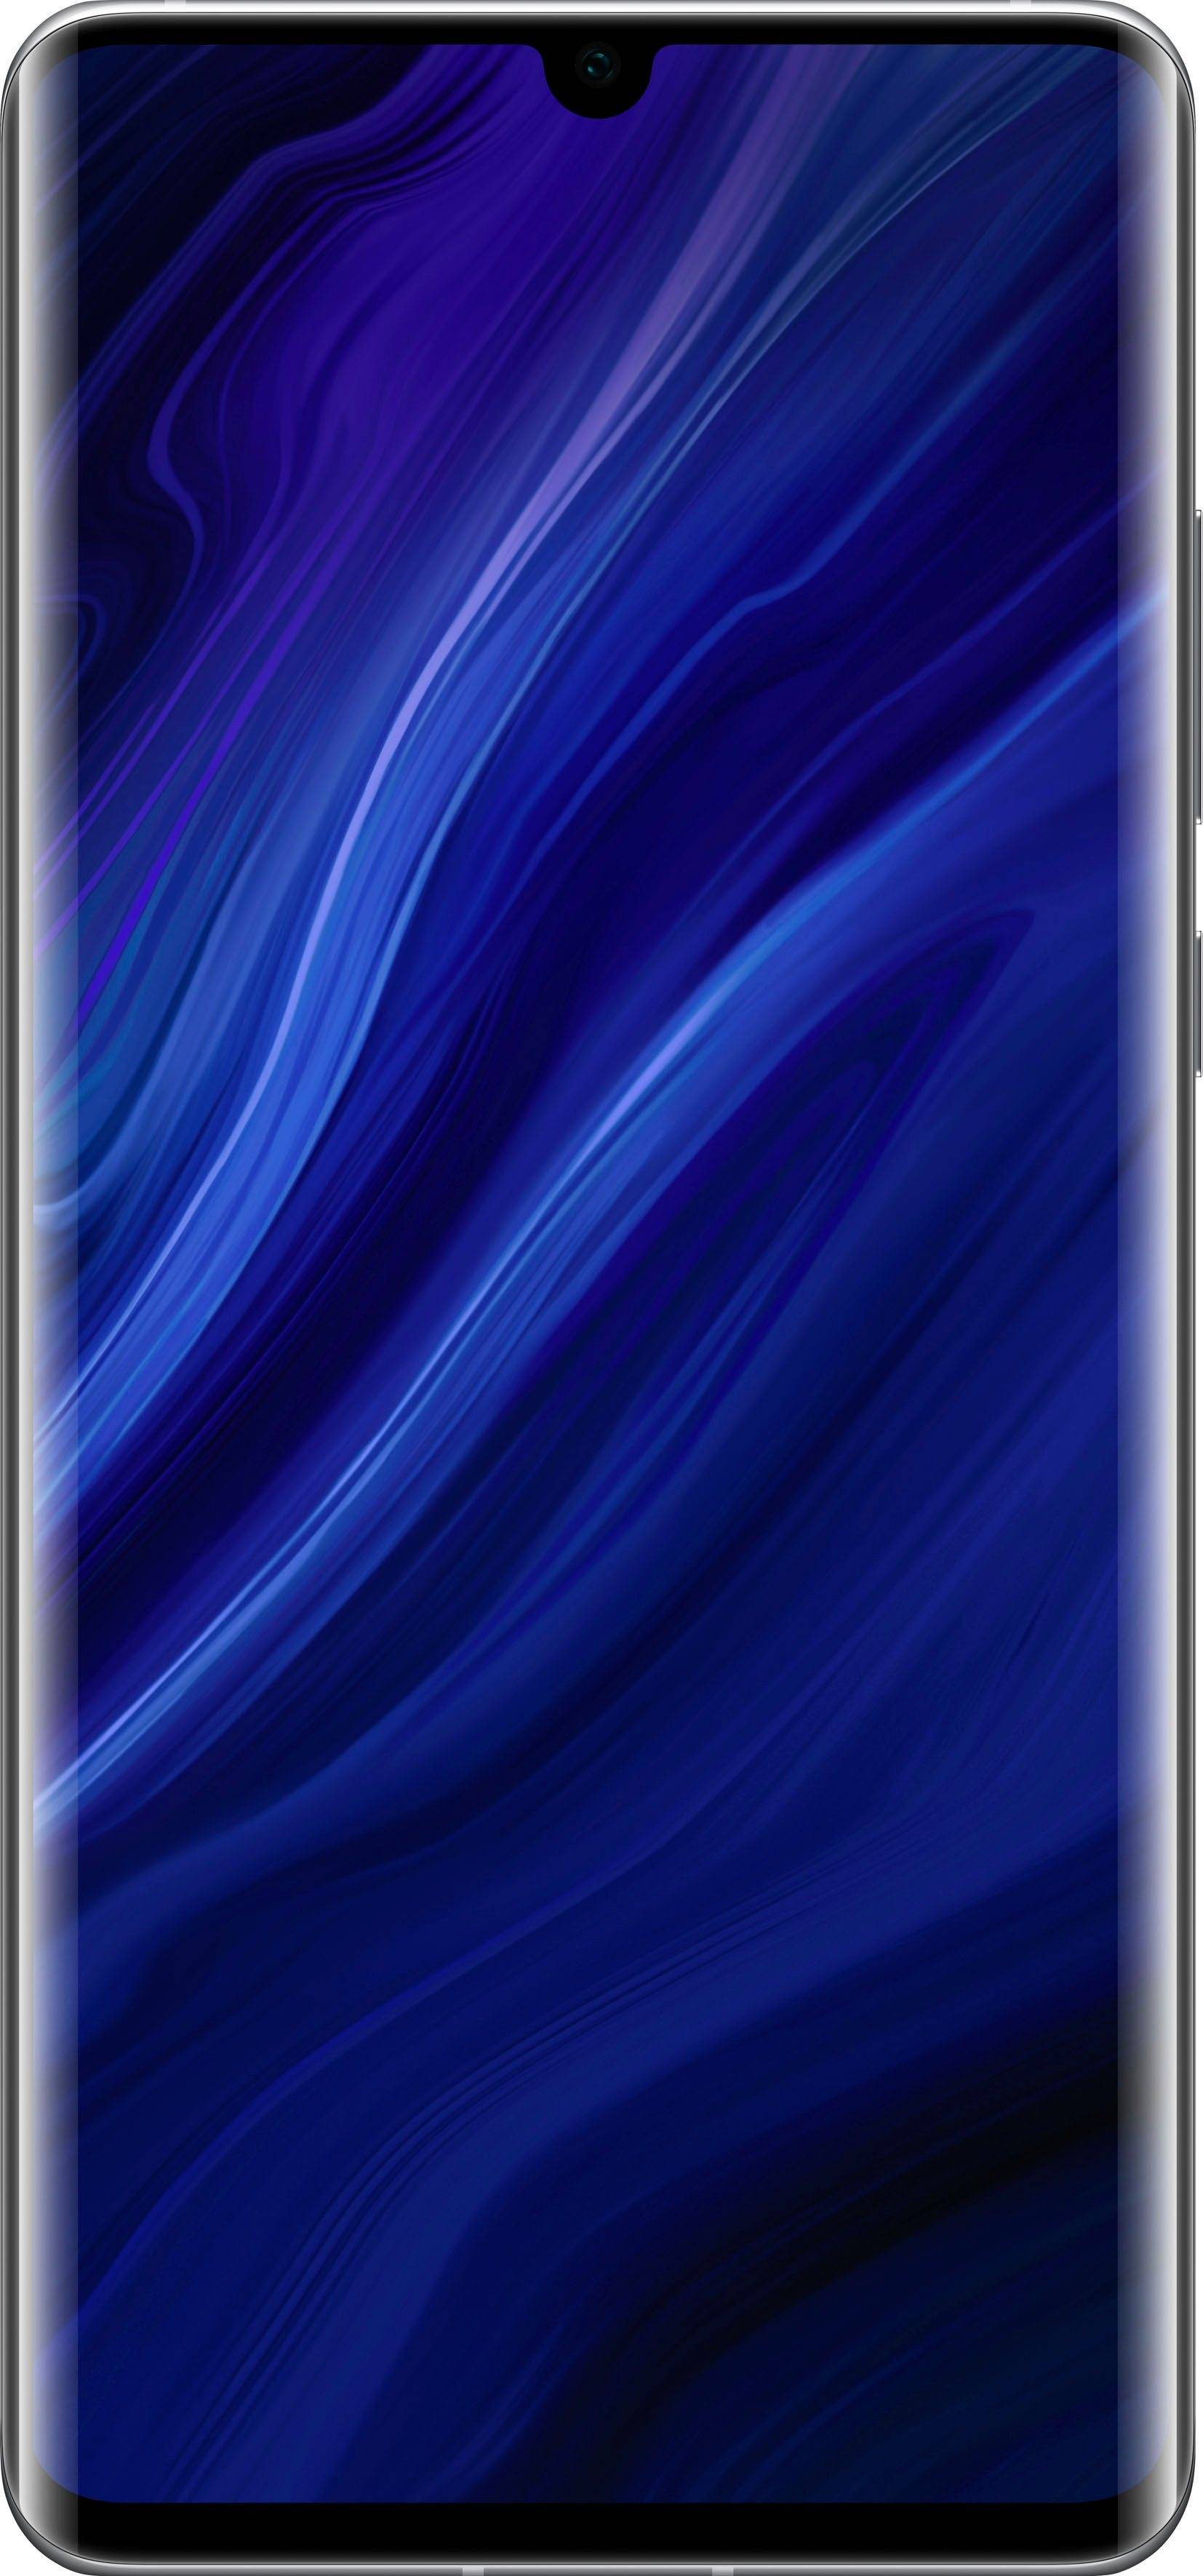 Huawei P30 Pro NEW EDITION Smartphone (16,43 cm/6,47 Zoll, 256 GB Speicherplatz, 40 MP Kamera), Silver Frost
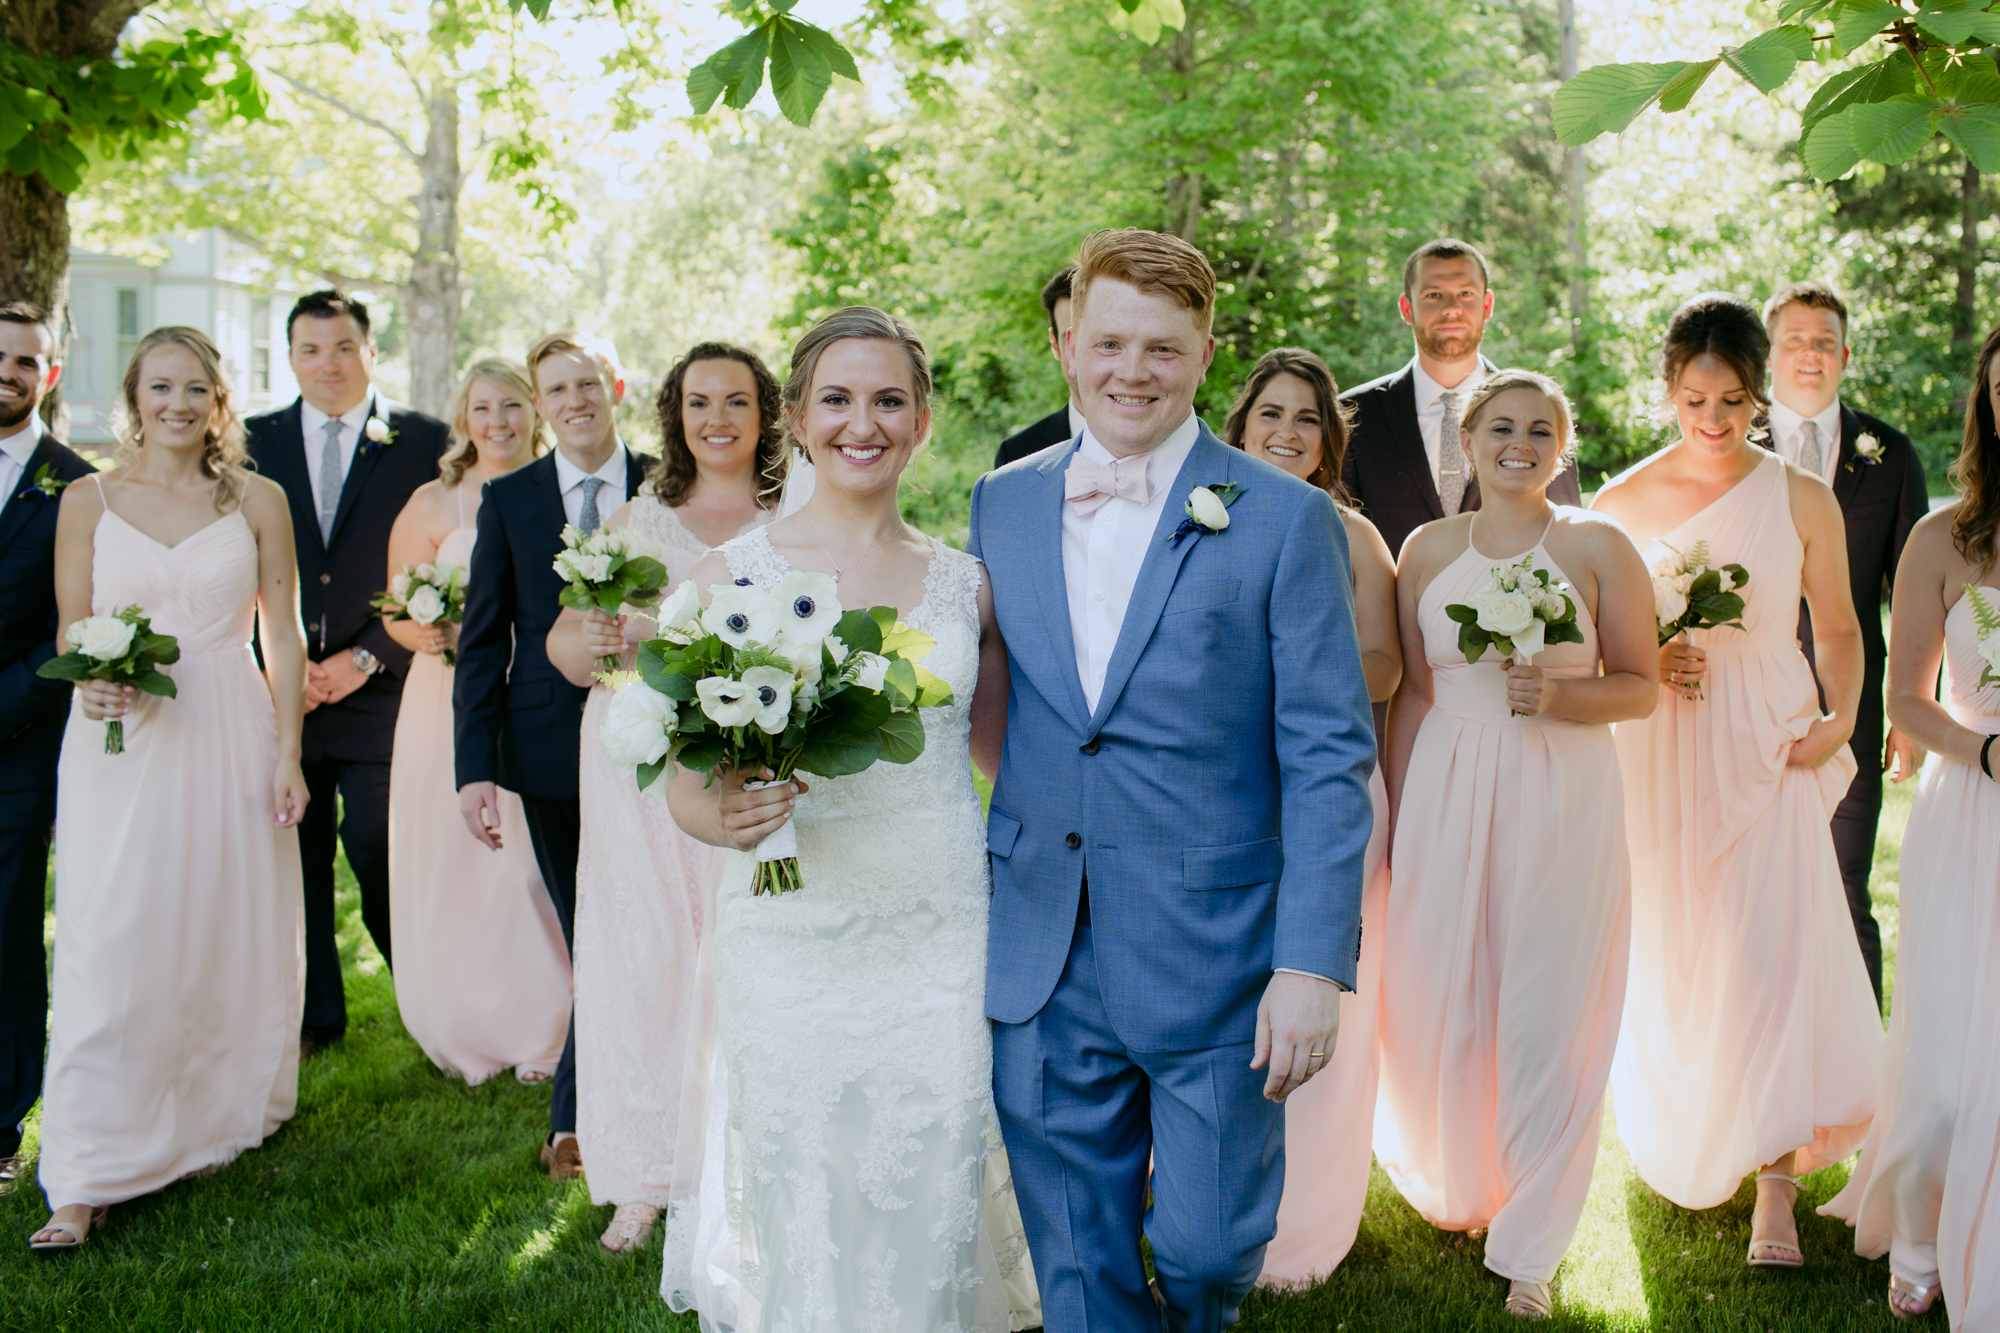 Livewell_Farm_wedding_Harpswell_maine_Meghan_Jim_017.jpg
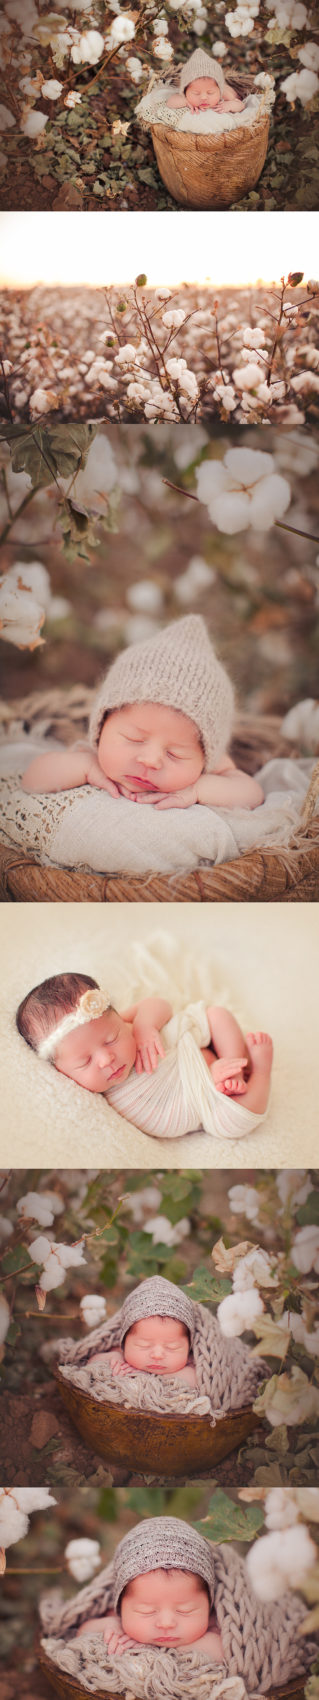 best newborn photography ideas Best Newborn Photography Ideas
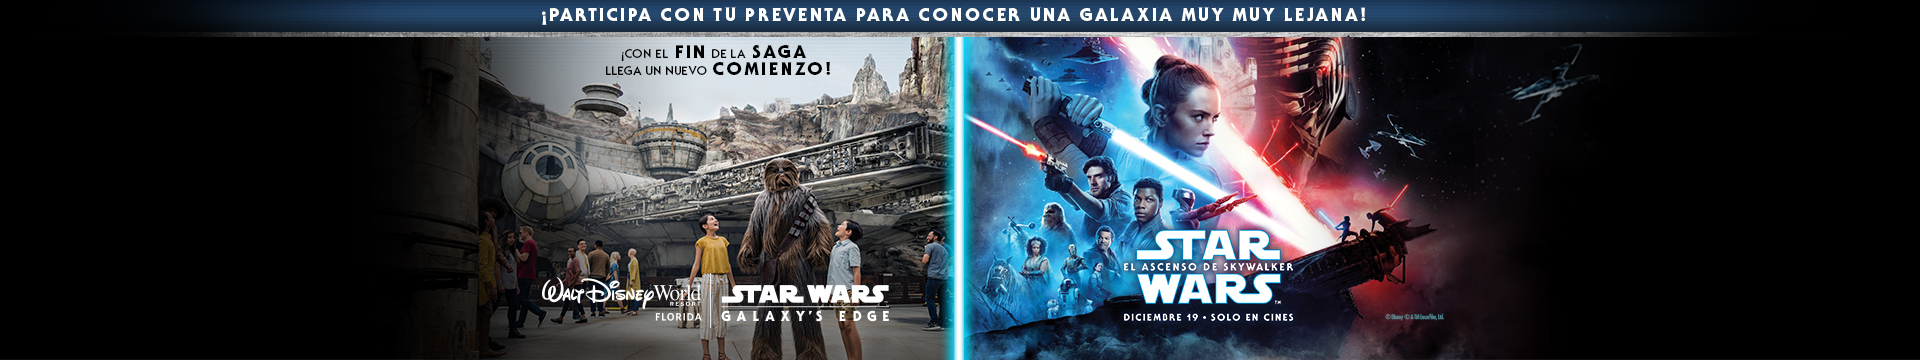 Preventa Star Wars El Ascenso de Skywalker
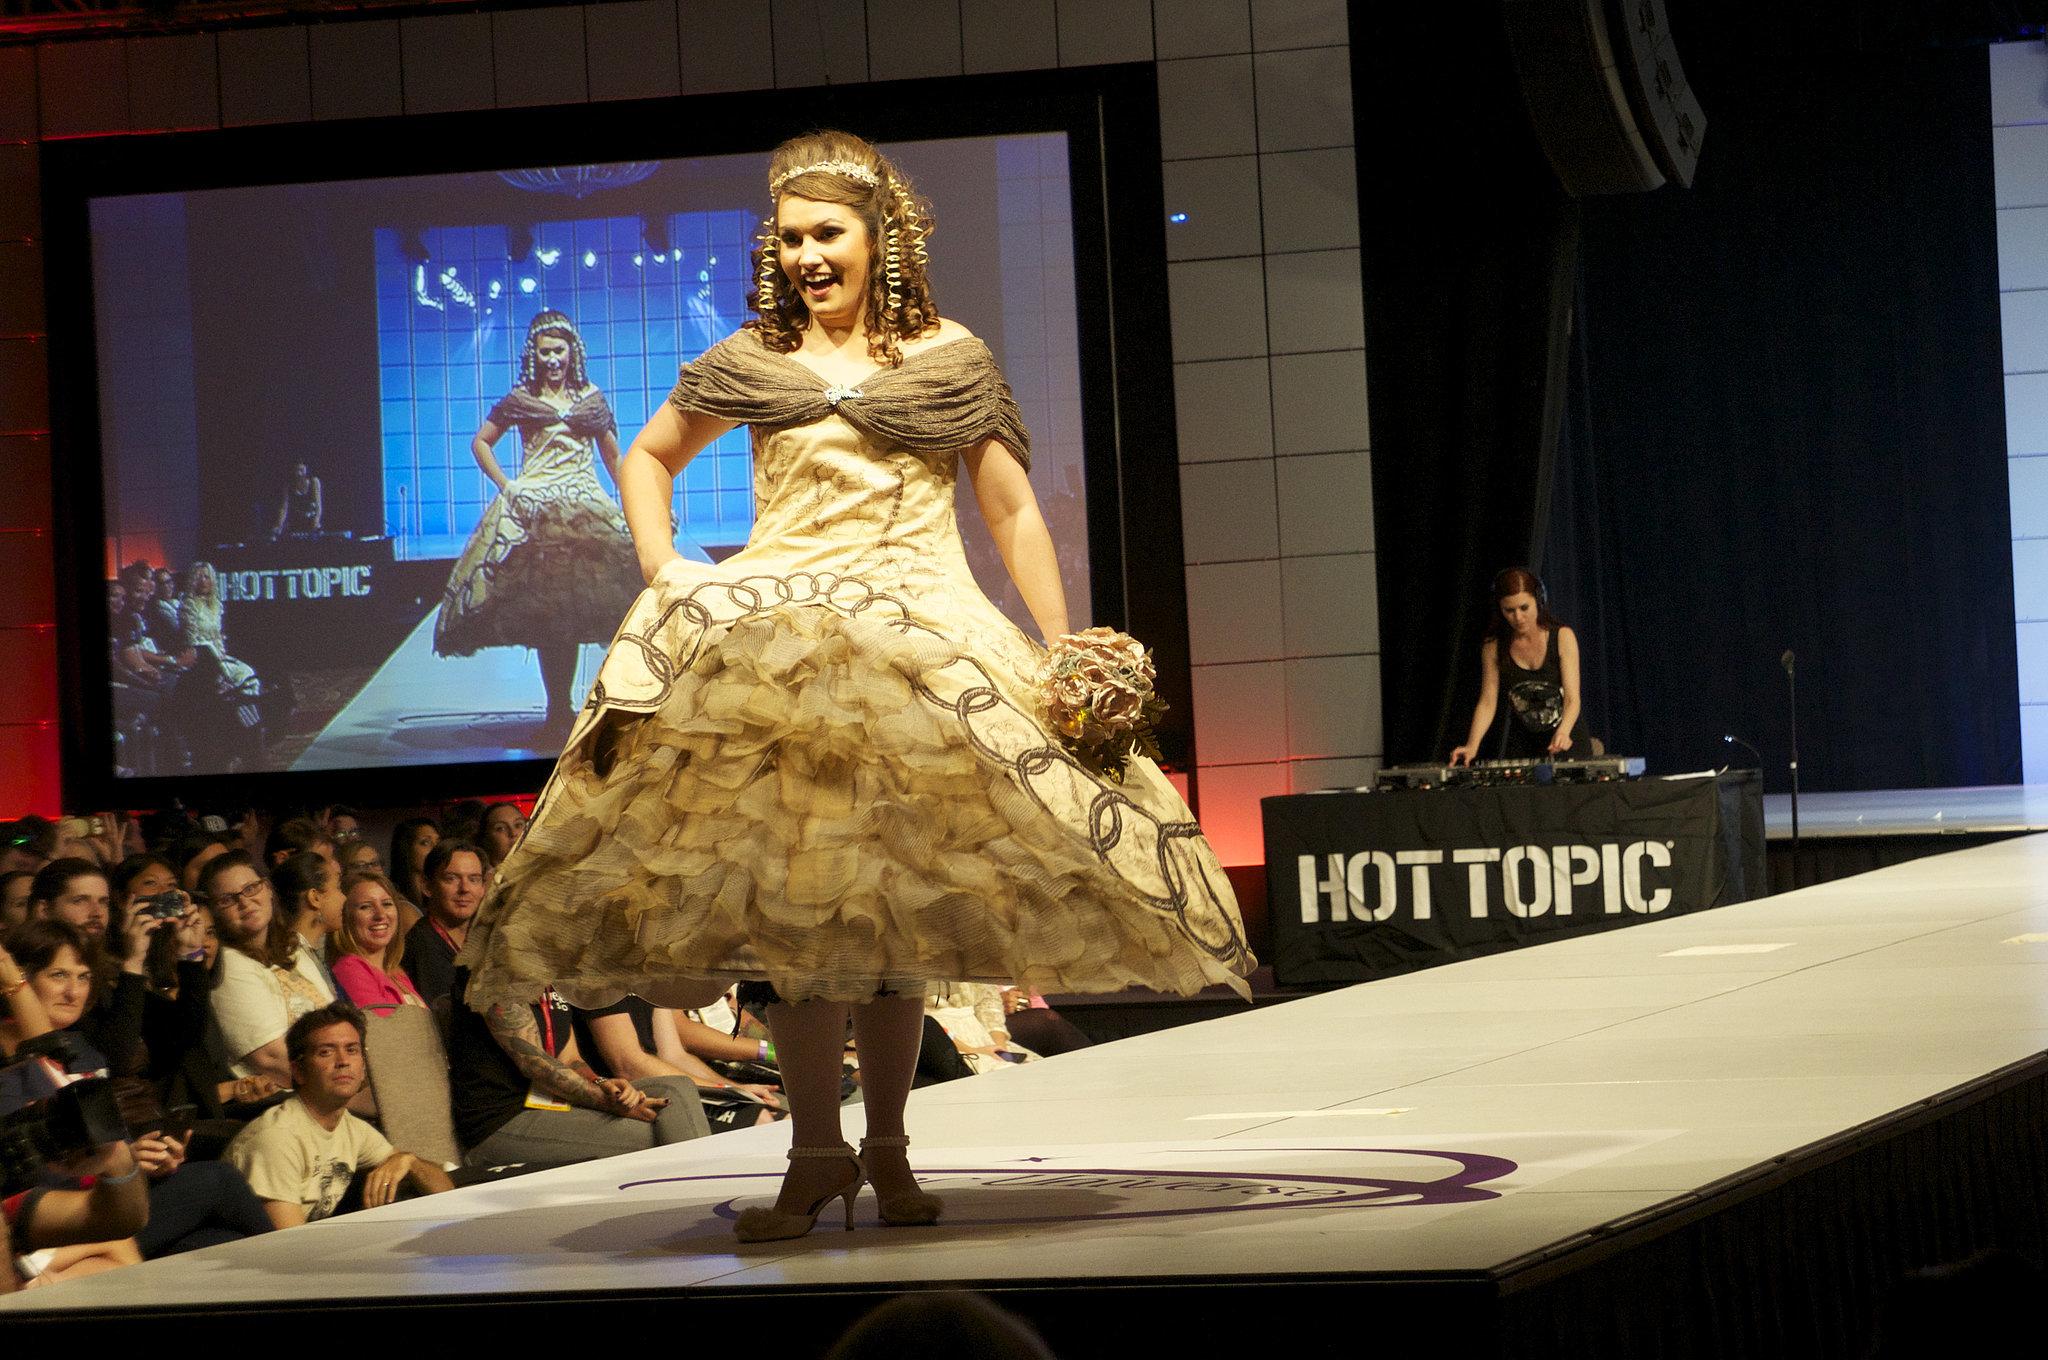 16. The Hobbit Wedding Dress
○ ○ ○
**What the task asks**.
Repeat word for word the lines from the one holding "best newborn photography ideas Best" through the last line of the listing above, including both ends. Drop the pictures.

**Output**.
 best newborn photography ideas Best Newborn Photography Ideas
 Preventa Star Wars El Ascenso de Skywalker
 16. The Hobbit Wedding Dress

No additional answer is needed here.